The Google sign is shown on one of the company's office buildings in Irvine, California, US, October 20, 2020. REUTERS/Mike Blake
The Google sign is shown on one of the company's office buildings in Irvine, California, US, October 20, 2020. REUTERS/Mike Blake

One month after a judge declared Google's search engine an illegal monopoly, the tech giant faces another antitrust lawsuit that threatens to break up the company, this time over its advertising technology.

The Justice Department, joined by a coalition of states, and Google each made opening statements Monday to a federal judge who will decide whether Google holds a monopoly over online advertising technology, The AP reported.

The regulators contend that Google built, acquired and maintains a monopoly over the technology that matches online publishers to advertisers.
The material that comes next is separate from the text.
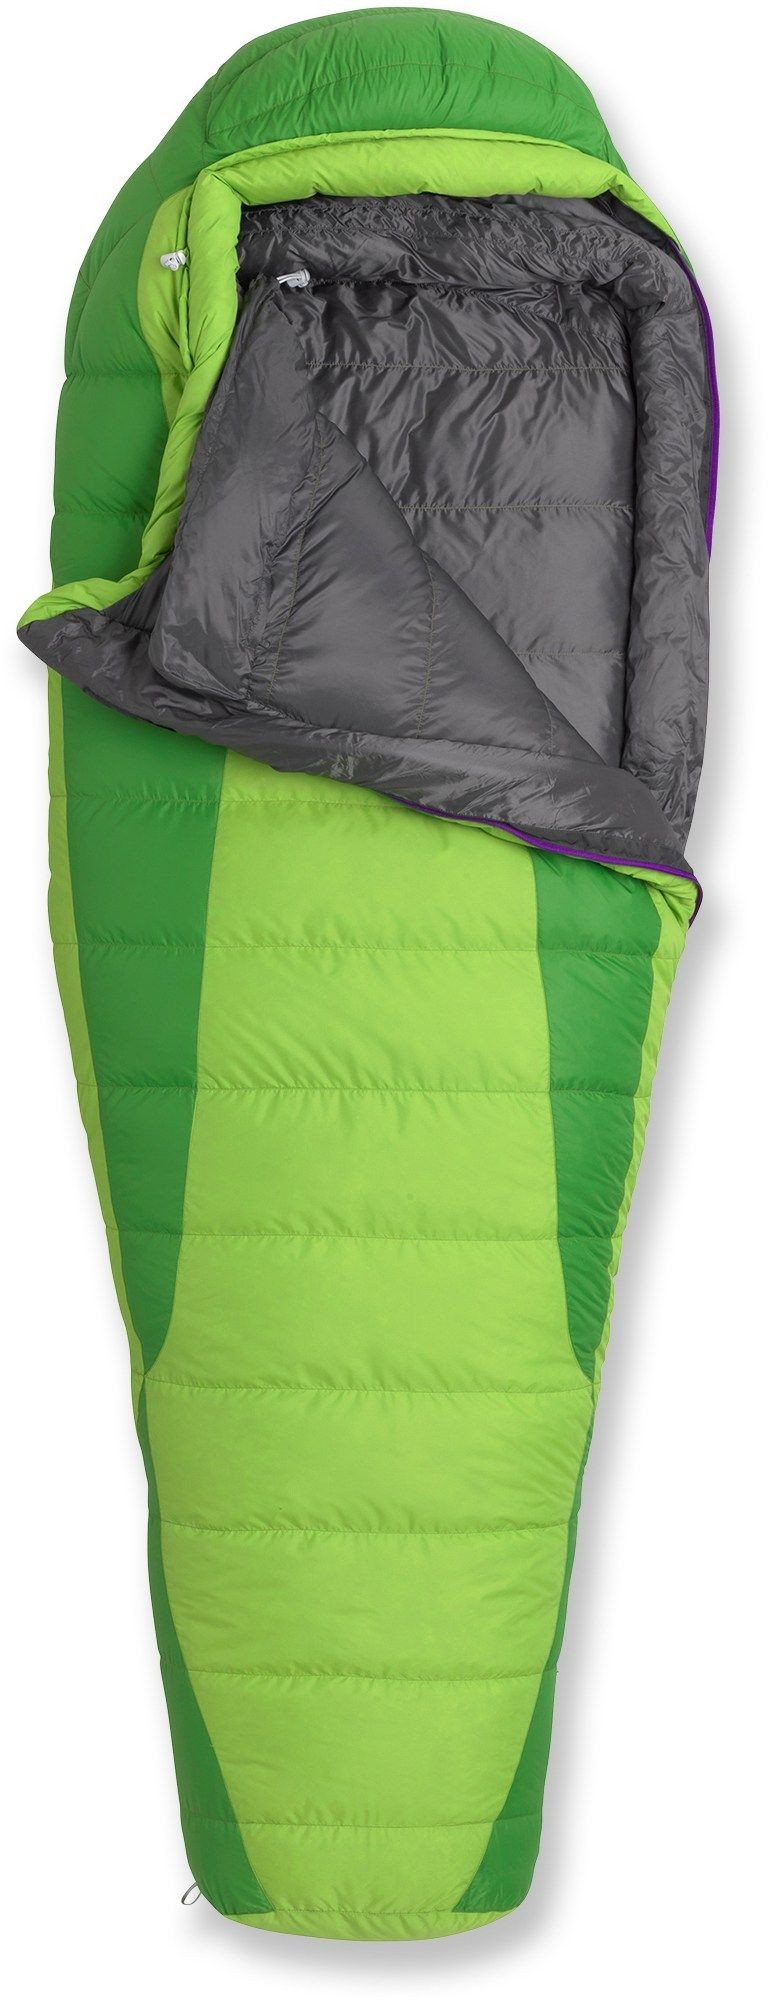 Rei Marmot Sleeping Bag

Dominance over the software on both the buy side and the sell side of the transaction enables Google to keep as much as 36 cents on the dollar when it brokers sales between publishers and advertisers, the government contends in court papers.

They allege that Google also controls the ad exchange market, which matches the buy side to the sell side.

“It's worth saying the quiet part out loud,” Justice Department lawyer Julia Tarver Wood said during her opening statement. “One monopoly is bad enough. But a trifecta of monopolies is what we have here.”

Google says the government's case is based on an internet of yesteryear, when desktop computers ruled and internet users carefully typed precise World Wide Web addresses into URL fields. Advertisers now are more likely to turn to social media companies like TikTok or streaming TV services like Peacock to reach audiences.

In her opening statement, Google lawyer Karen Dunn said, “We are one big company among many others, competing millisecond by millisecond for every ad impression.”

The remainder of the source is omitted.